#### [Dataset content]
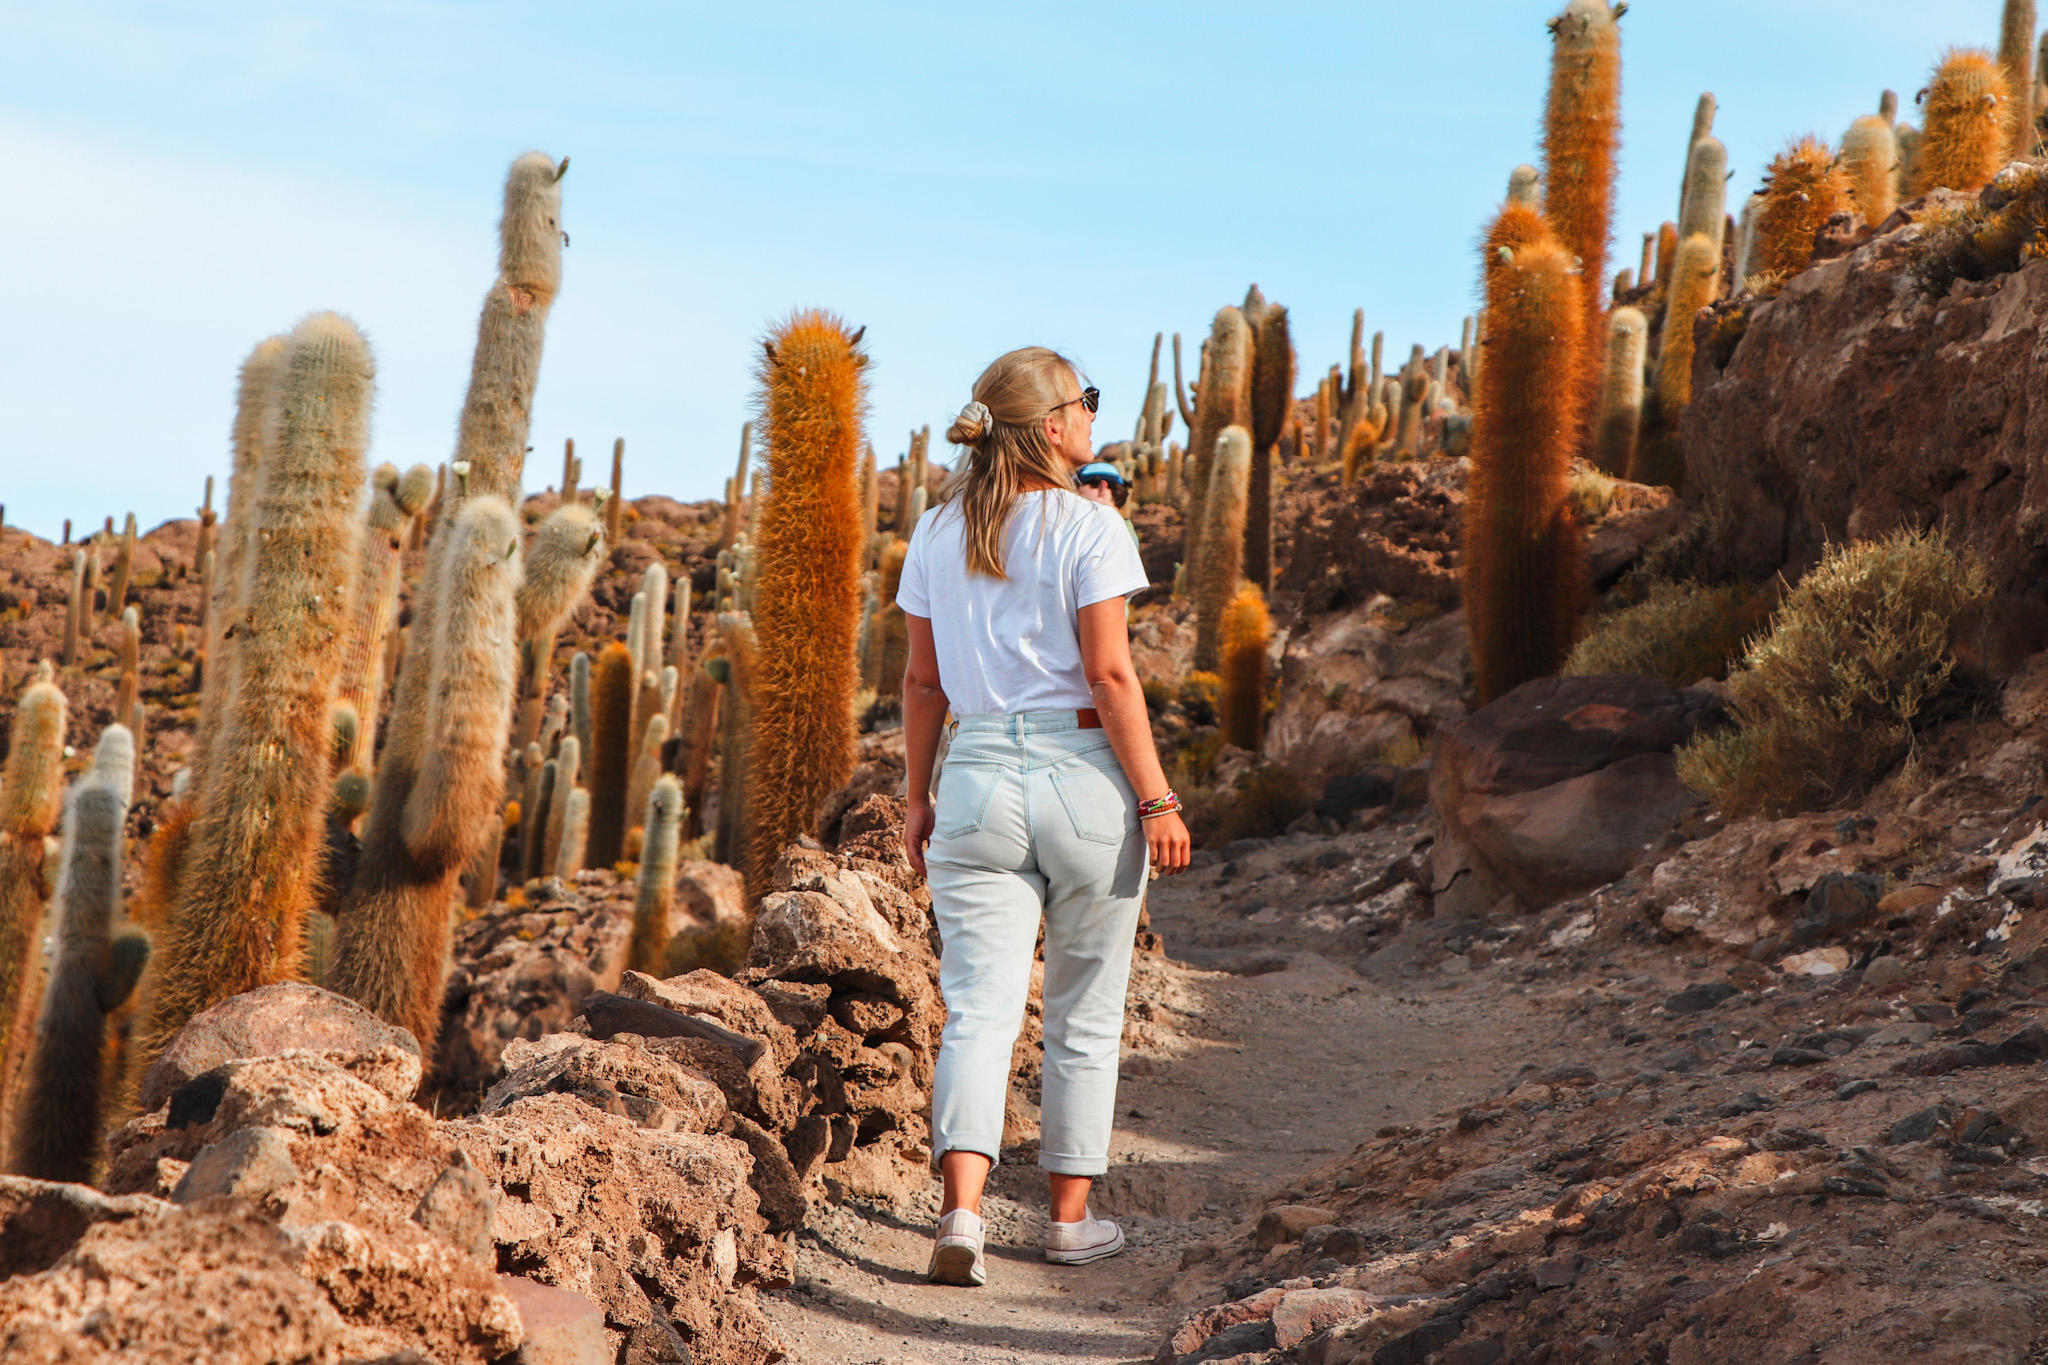 Uyuni Salt Flat Travel Guide: Walking among the giant cacti on Isla Incahuasi
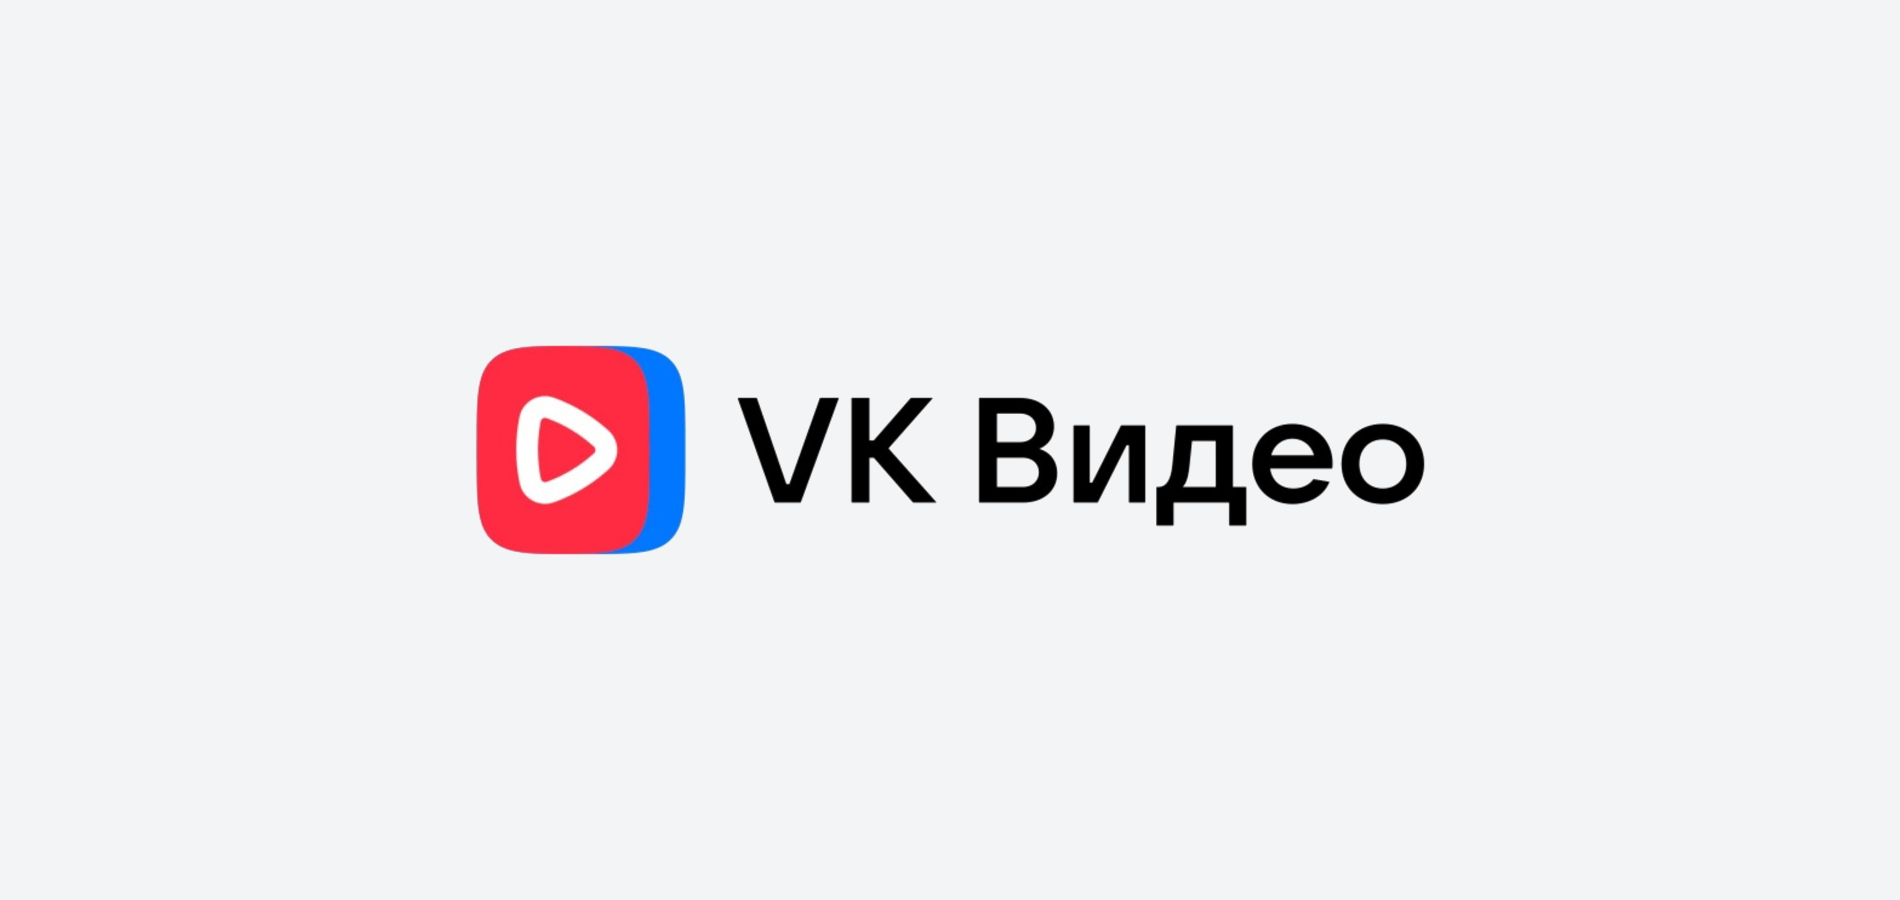 ВКонтакте представляет обновление VK Видео для мобильных браузеров
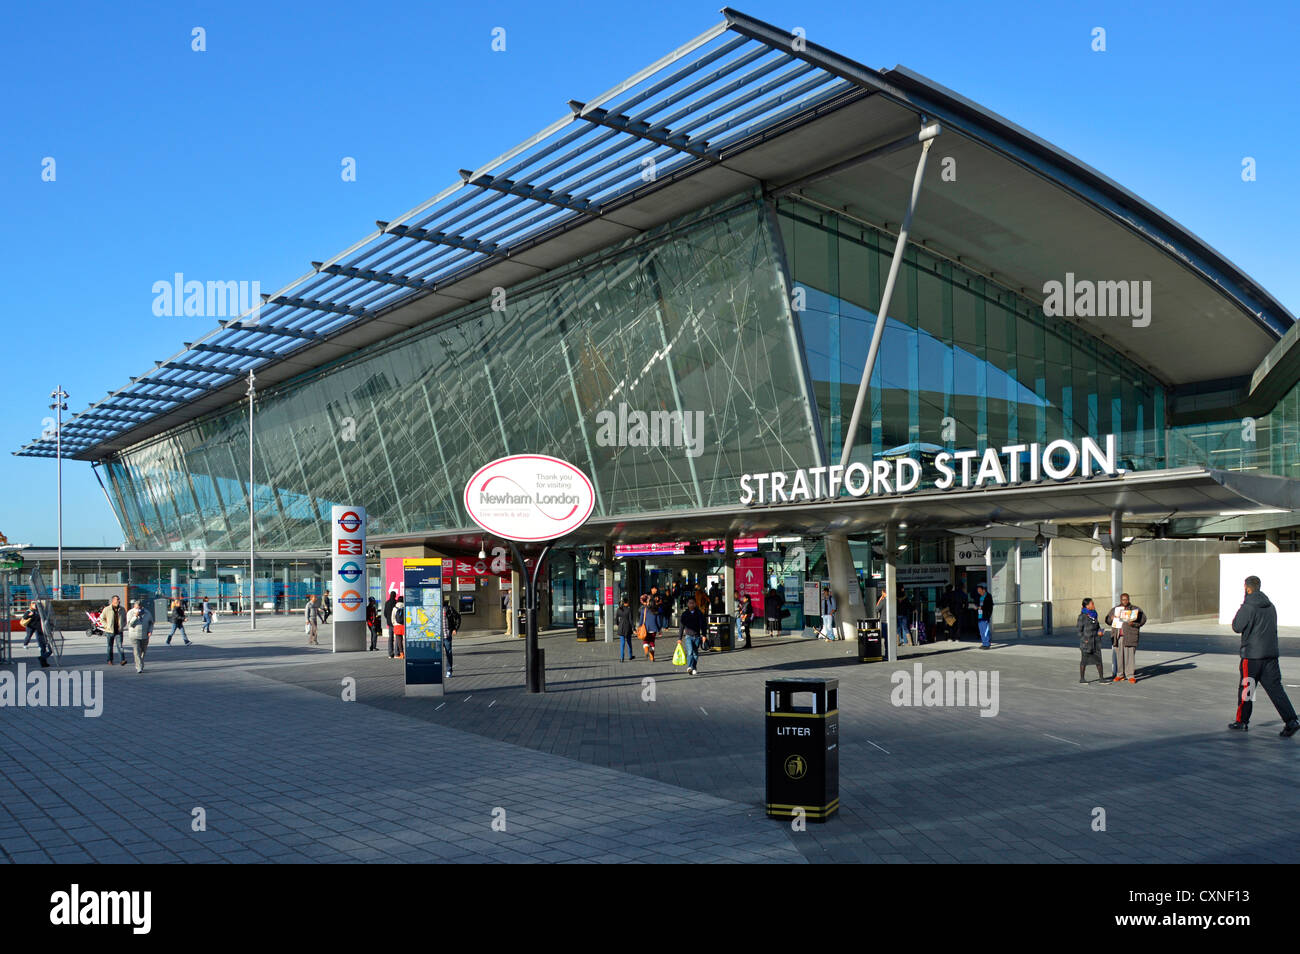 Stratford London moderne Bahnhof Fassade, die war der wichtigste Knotenpunkt des öffentlichen Verkehrs für die Olympischen Spiele 2012 in London Newham East London England Großbritannien Stockfoto

#### [Brief]
Pass over the images and copy the rest of the material above exactly.

#### [Exercise answer]
 Uyuni Salt Flat Travel Guide: Walking among the giant cacti on Isla Incahuasi
 ВКонтакте представляет обновление VK Видео для мобильных браузеров
 Stratford London moderne Bahnhof Fassade, die war der wichtigste Knotenpunkt des öffentlichen Verkehrs für die Olympischen Spiele 2012 in London Newham East London England Großbritannien Stockfoto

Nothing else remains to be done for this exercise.